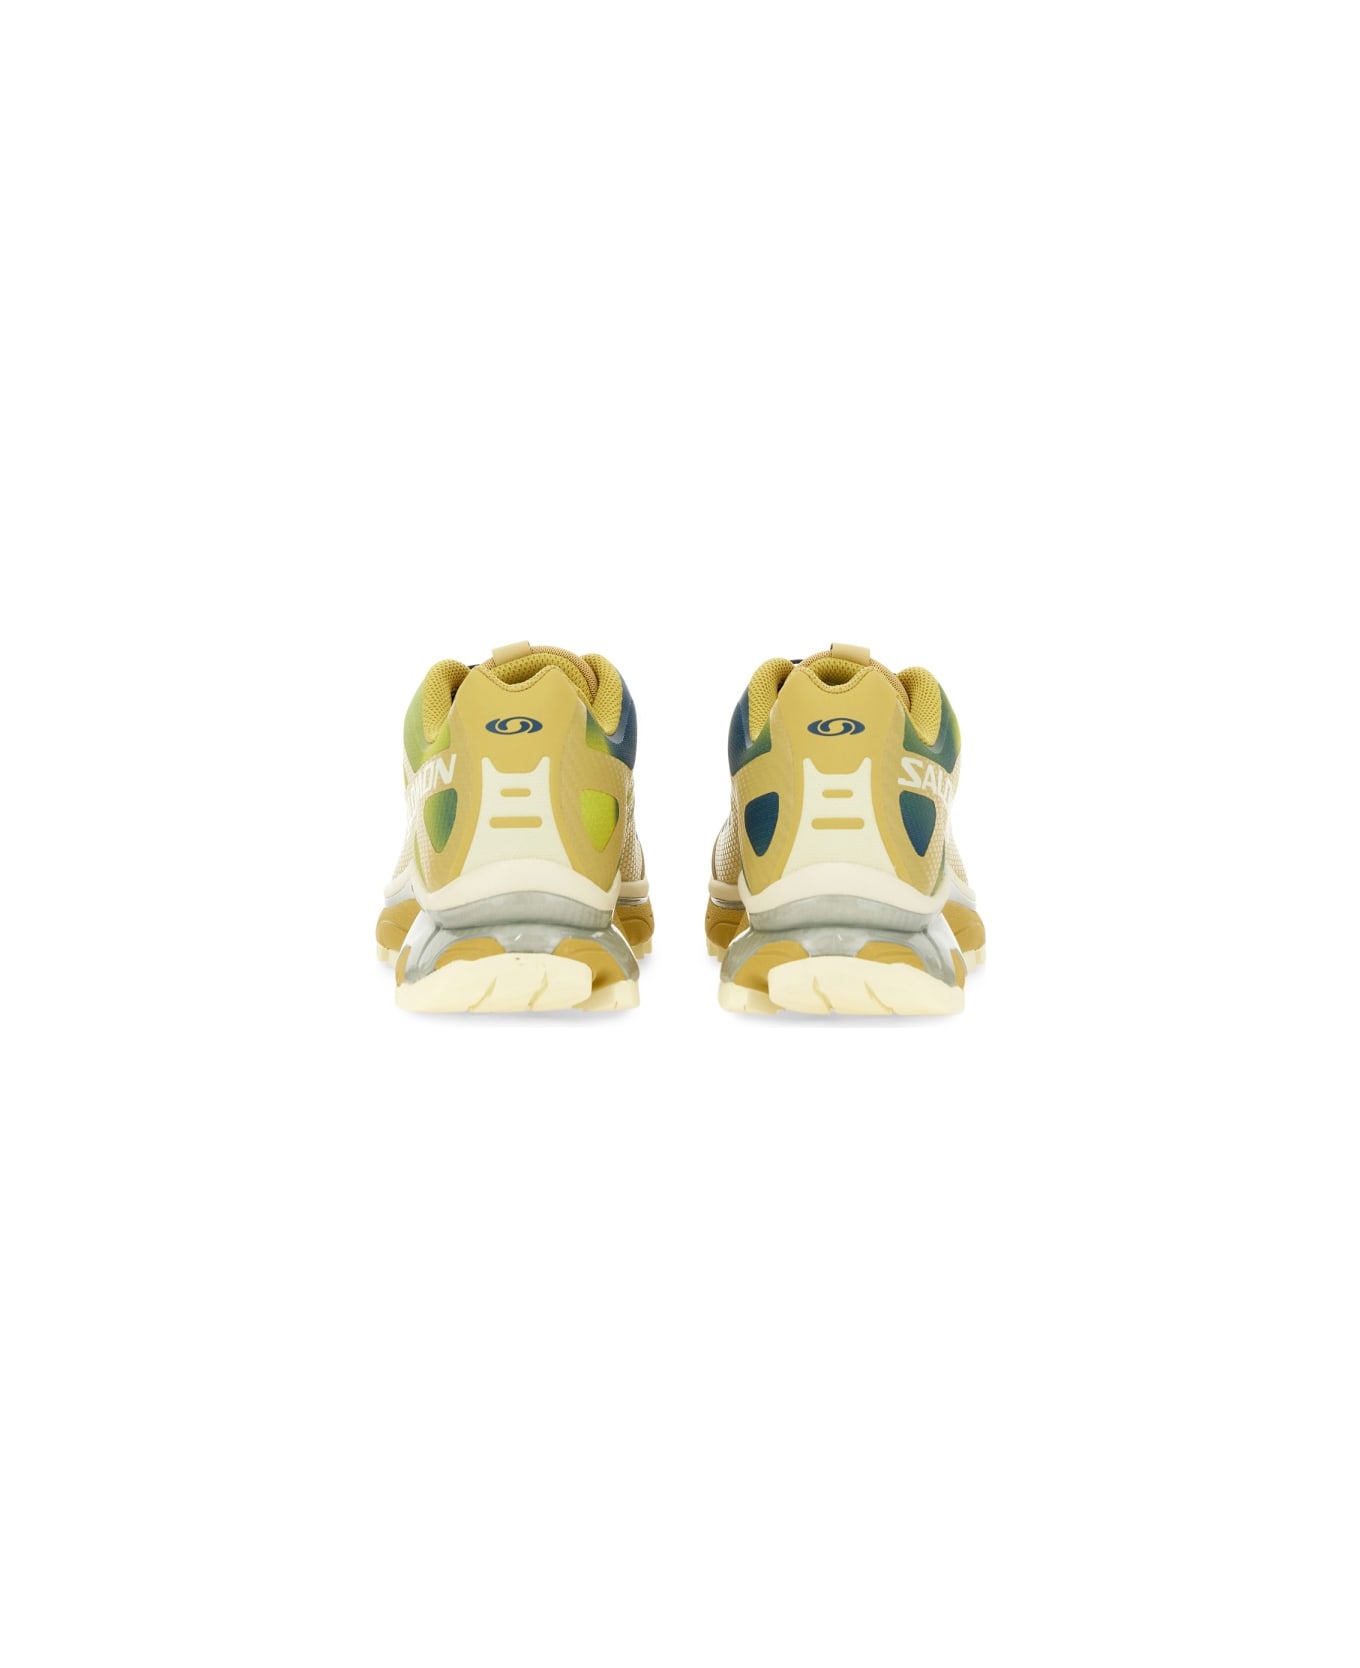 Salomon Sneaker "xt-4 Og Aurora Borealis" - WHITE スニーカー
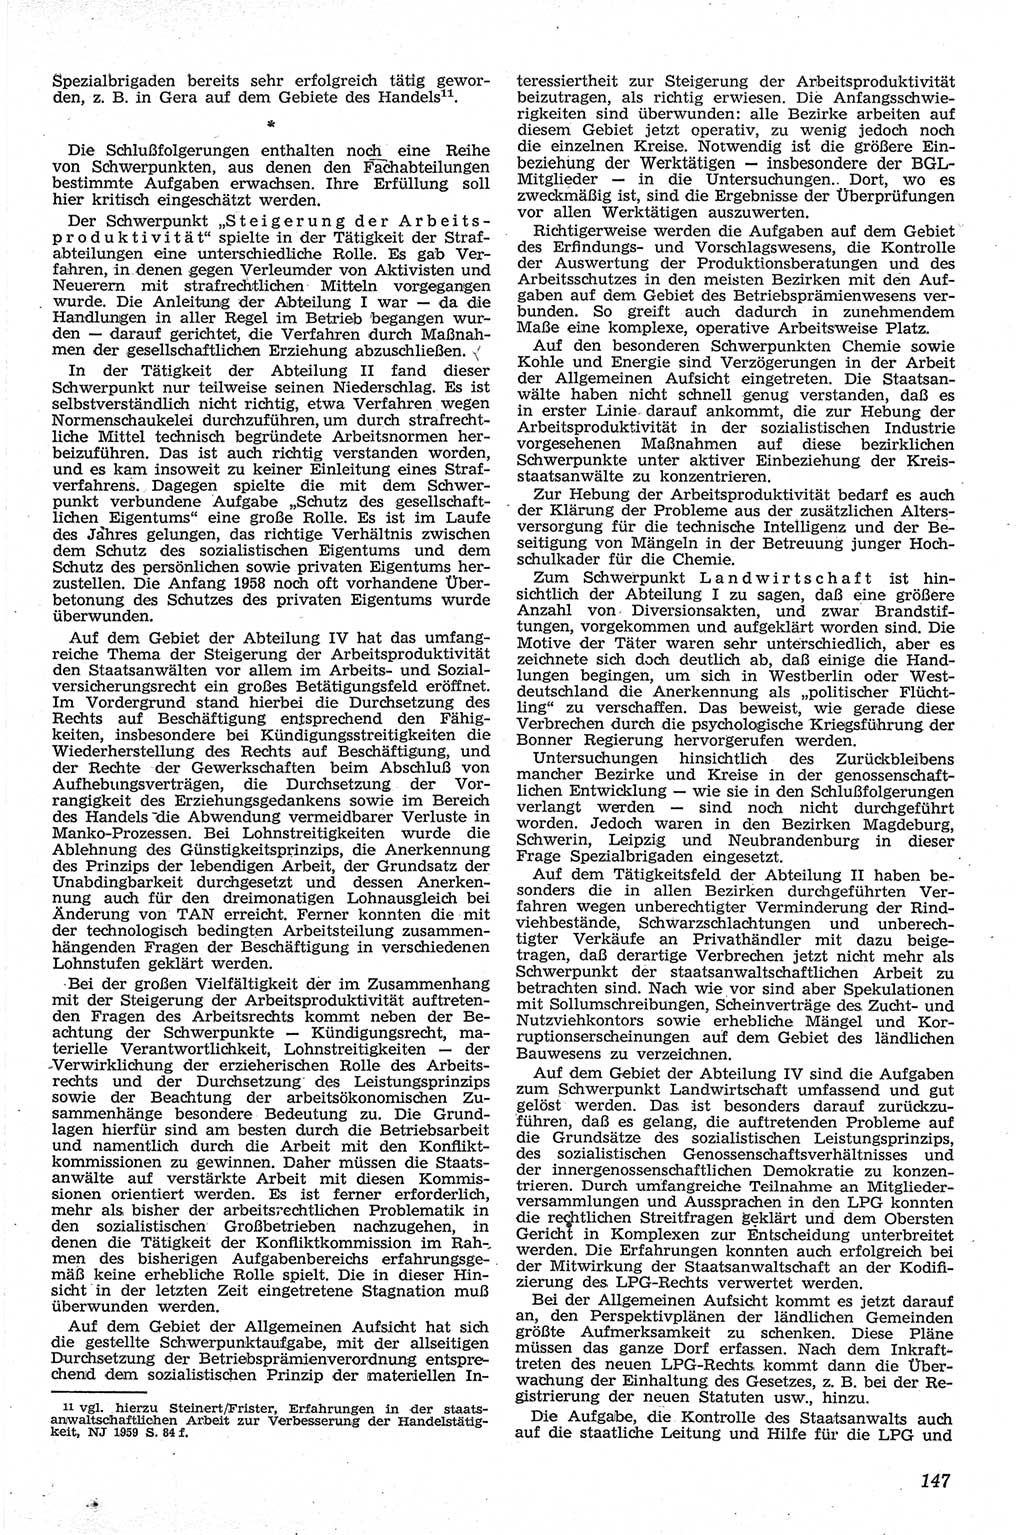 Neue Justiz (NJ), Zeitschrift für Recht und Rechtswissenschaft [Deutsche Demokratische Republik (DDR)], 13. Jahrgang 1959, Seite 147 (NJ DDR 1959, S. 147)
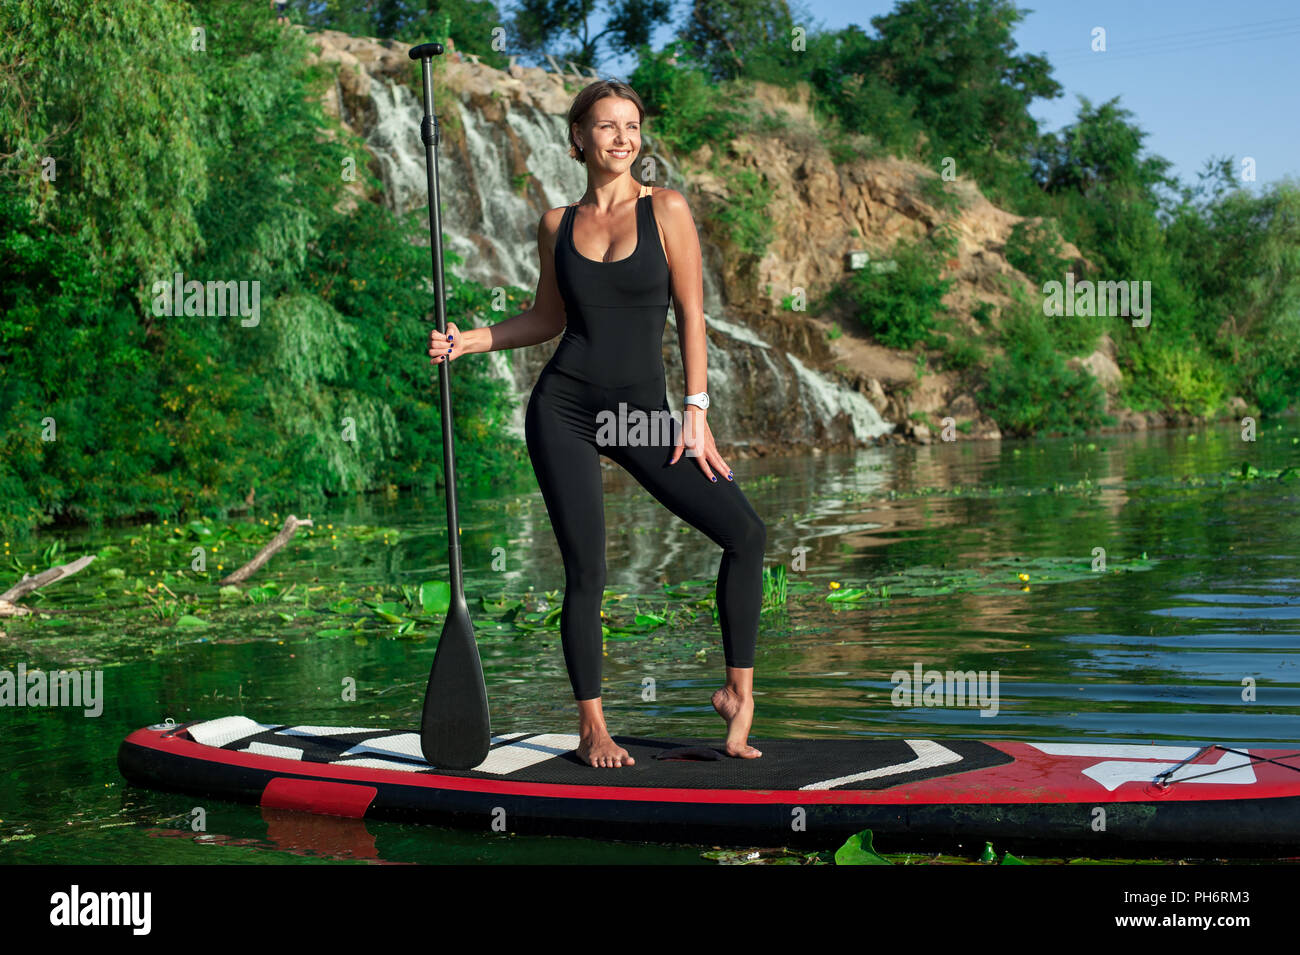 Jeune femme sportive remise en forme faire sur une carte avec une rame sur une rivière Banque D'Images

************

(DESCRIPTION OF THE TASK):
With the pictures left out, output exactly the lines that begin at the line containing "Neue Justiz (NJ), Zeitschrift" and end at the last line of the material.

(SOLUTION TO THIS EXERCISE):
 Neue Justiz (NJ), Zeitschrift für Recht und Rechtswissenschaft [Deutsche Demokratische Republik (DDR)], 13. Jahrgang 1959, Seite 147 (NJ DDR 1959, S. 147)
 Jeune femme sportive remise en forme faire sur une carte avec une rame sur une rivière Banque D'Images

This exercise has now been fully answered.